Task requirements: Give an exact copy of the data that follows, but none of its pictures.

START Dataset extract

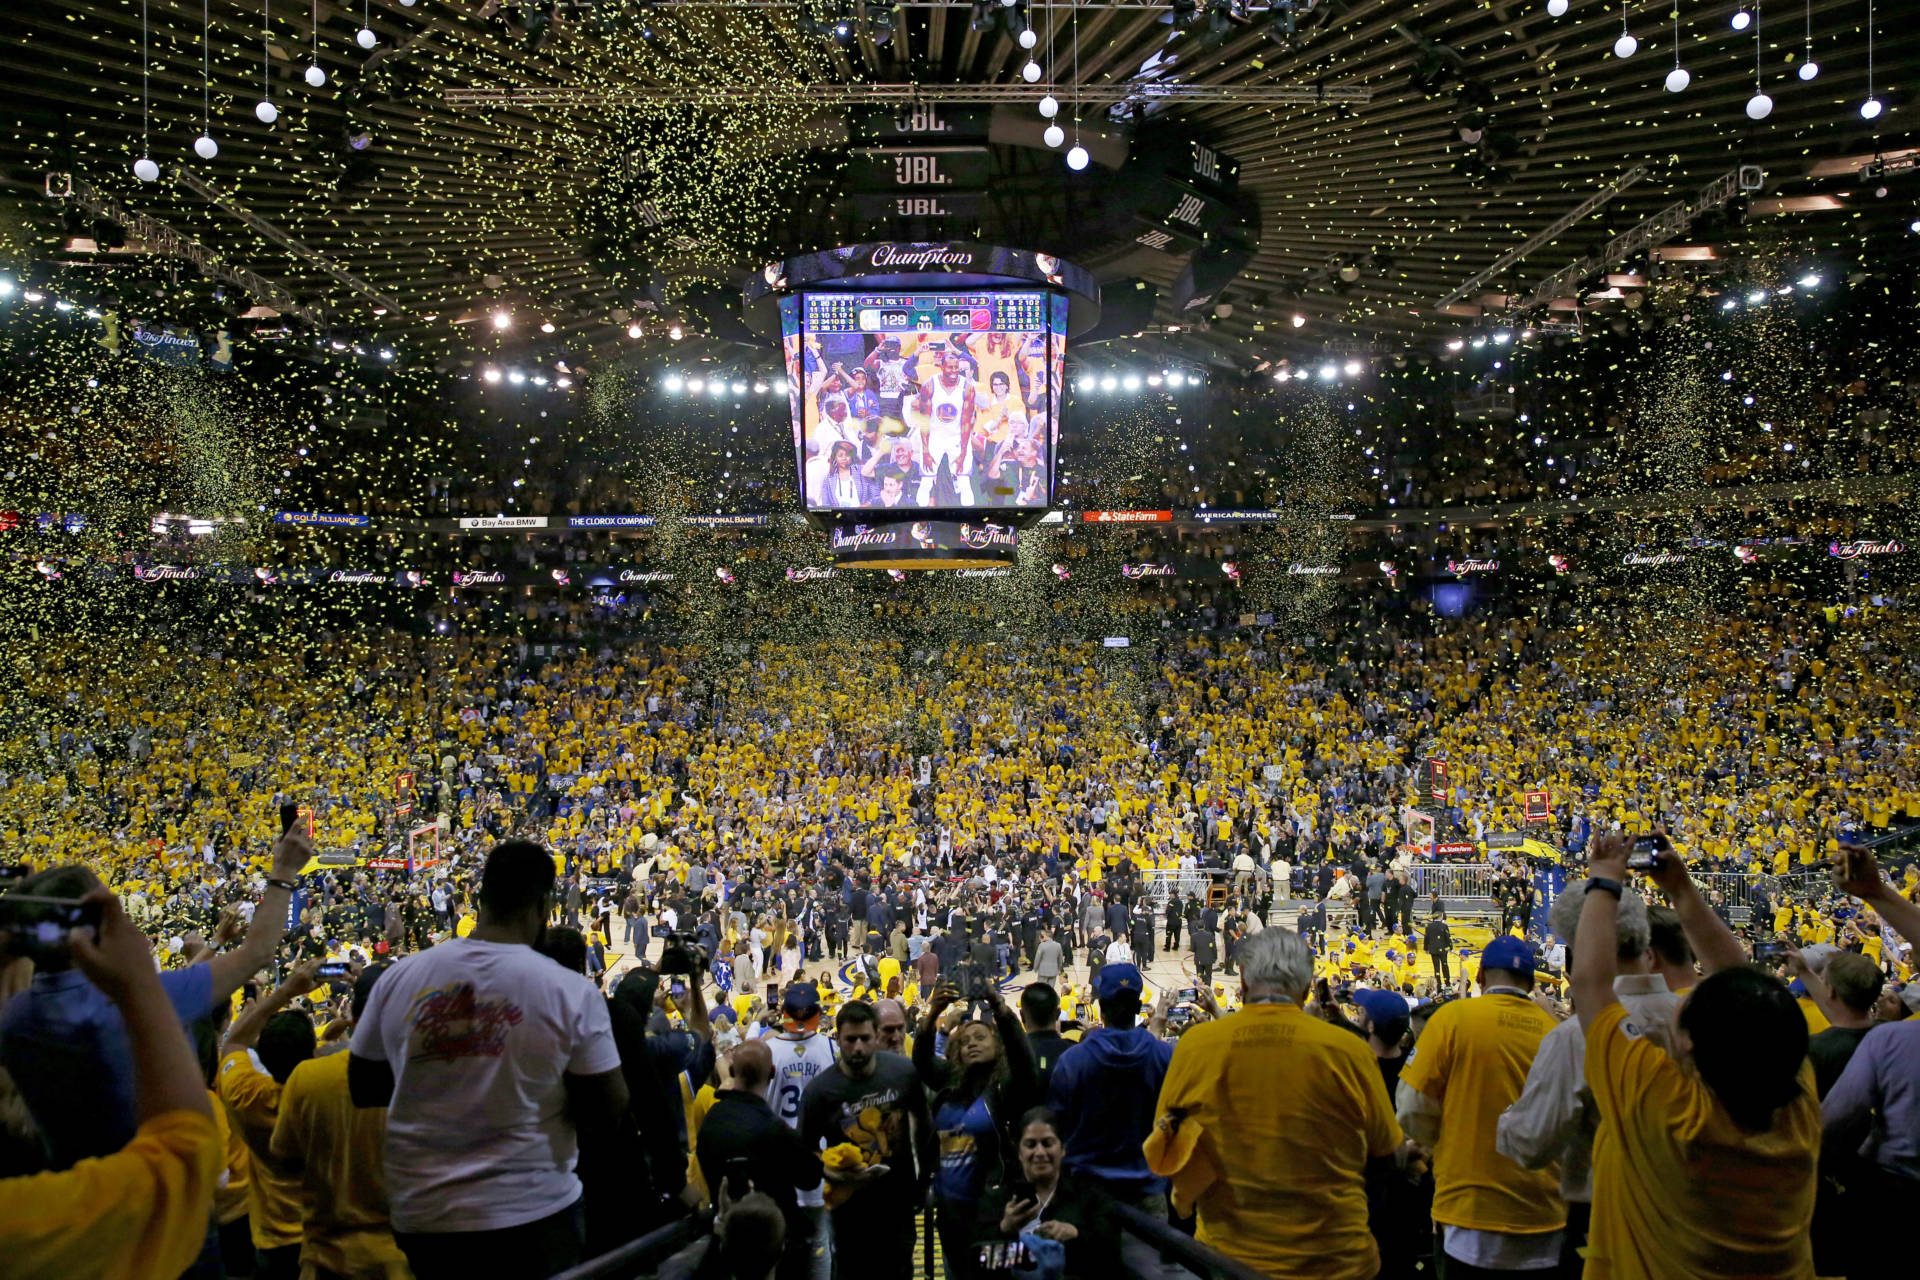 Fans cheer inside Oracle Arena as the Golden State Warriors celebrate their second NBA title in three seasons. Ezra Shaw/Getty Images
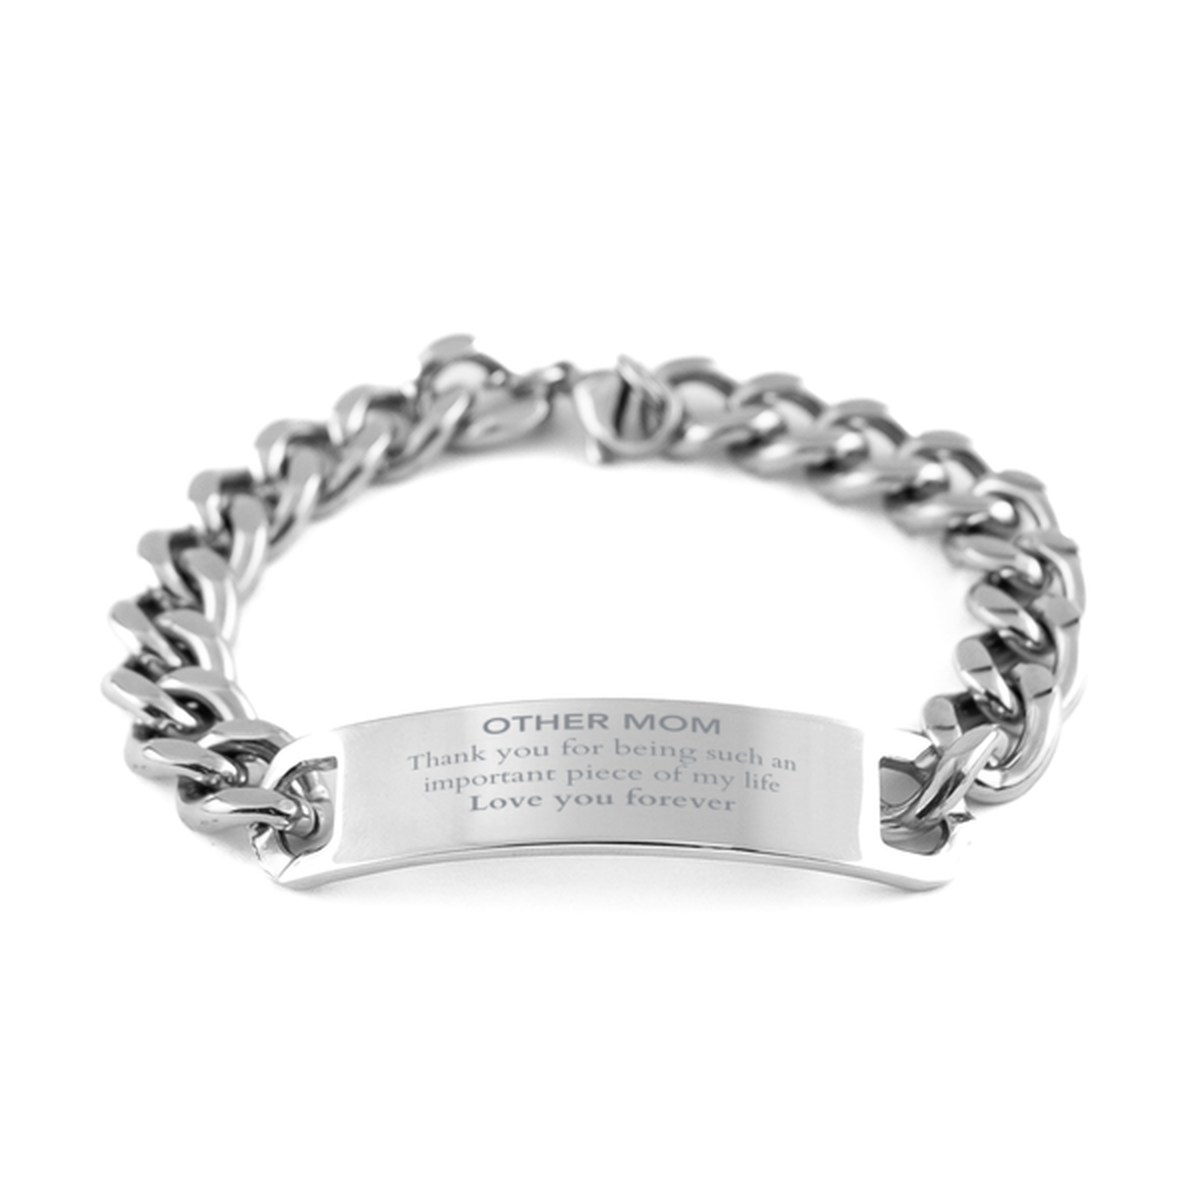 Appropriate Other Mom Cuban Chain Stainless Steel Bracelet Epic Birthday Gifts for Other Mom Thank you for being such an important piece of my life Other Mom Christmas Mothers Fathers Day
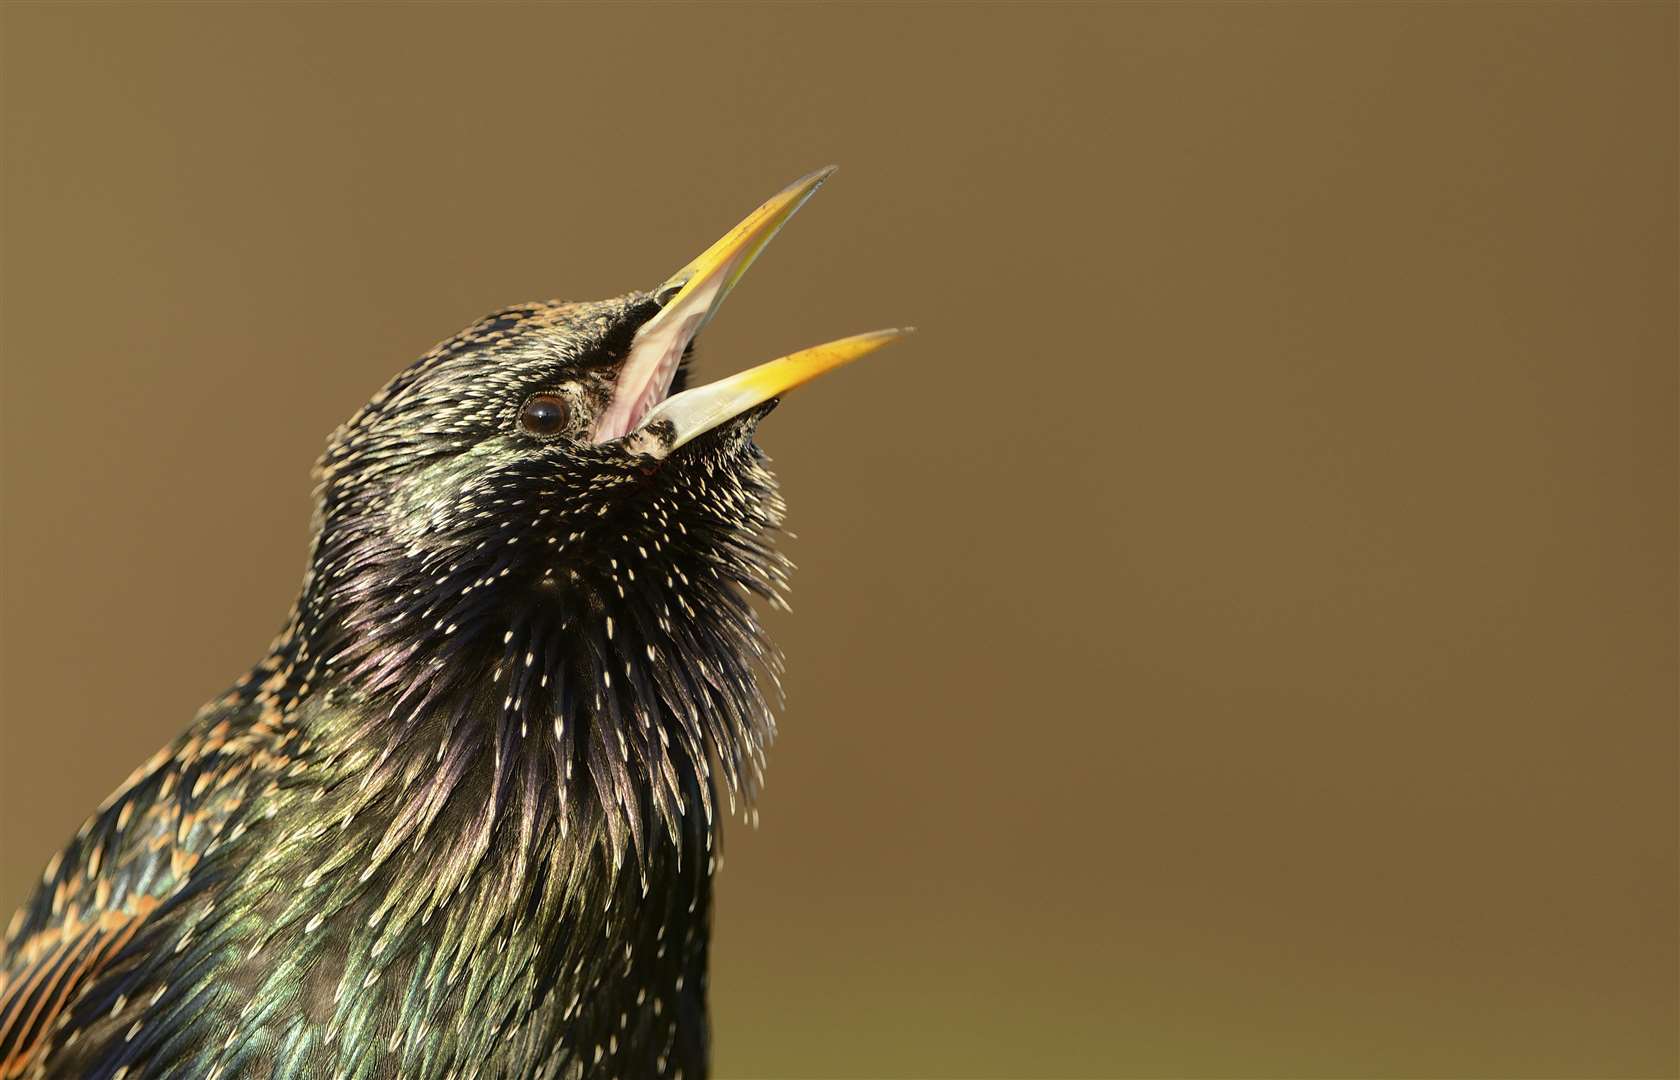 You're likely to spot some starlings
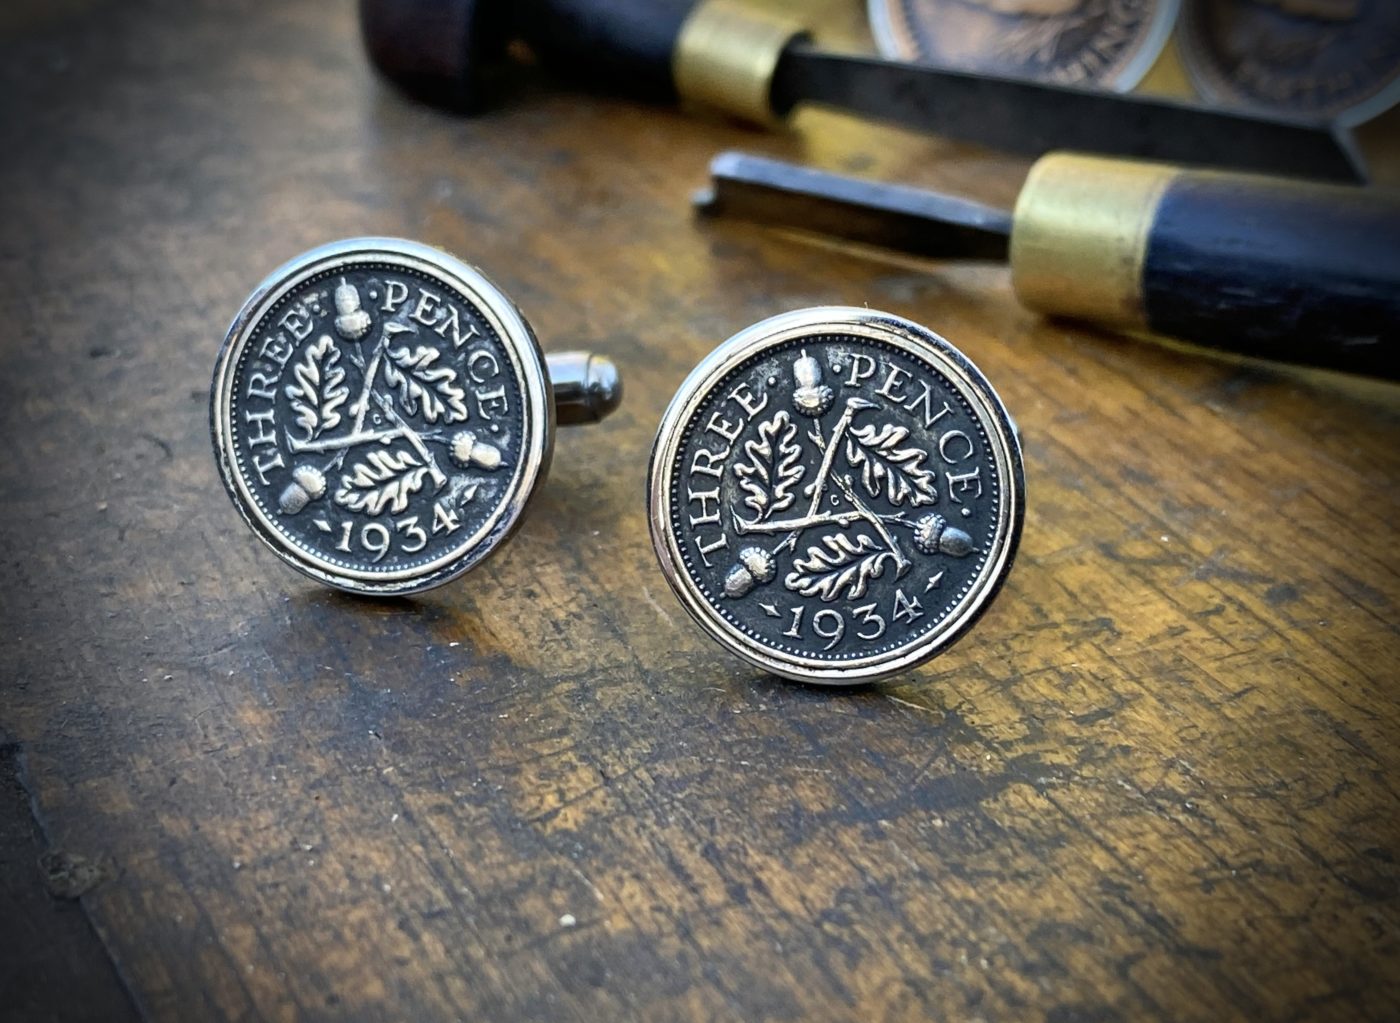 90th birthdaysilver coin cufflinks - Recycled silver threepence coins Handcrafted and recycled lucky threepence coin cufflinks

END Dataset extract

Result:
 Fans cheer inside Oracle Arena as the Golden State Warriors celebrate their second NBA title in three seasons. Ezra Shaw/Getty Images
 Appropriate Other Mom Cuban Chain Stainless Steel Bracelet Epic Birthday Gifts for Other Mom Thank you for being such an important piece of my life Other Mom Christmas Mothers Fathers Day
 You're likely to spot some starlings
 90th birthdaysilver coin cufflinks - Recycled silver threepence coins Handcrafted and recycled lucky threepence coin cufflinks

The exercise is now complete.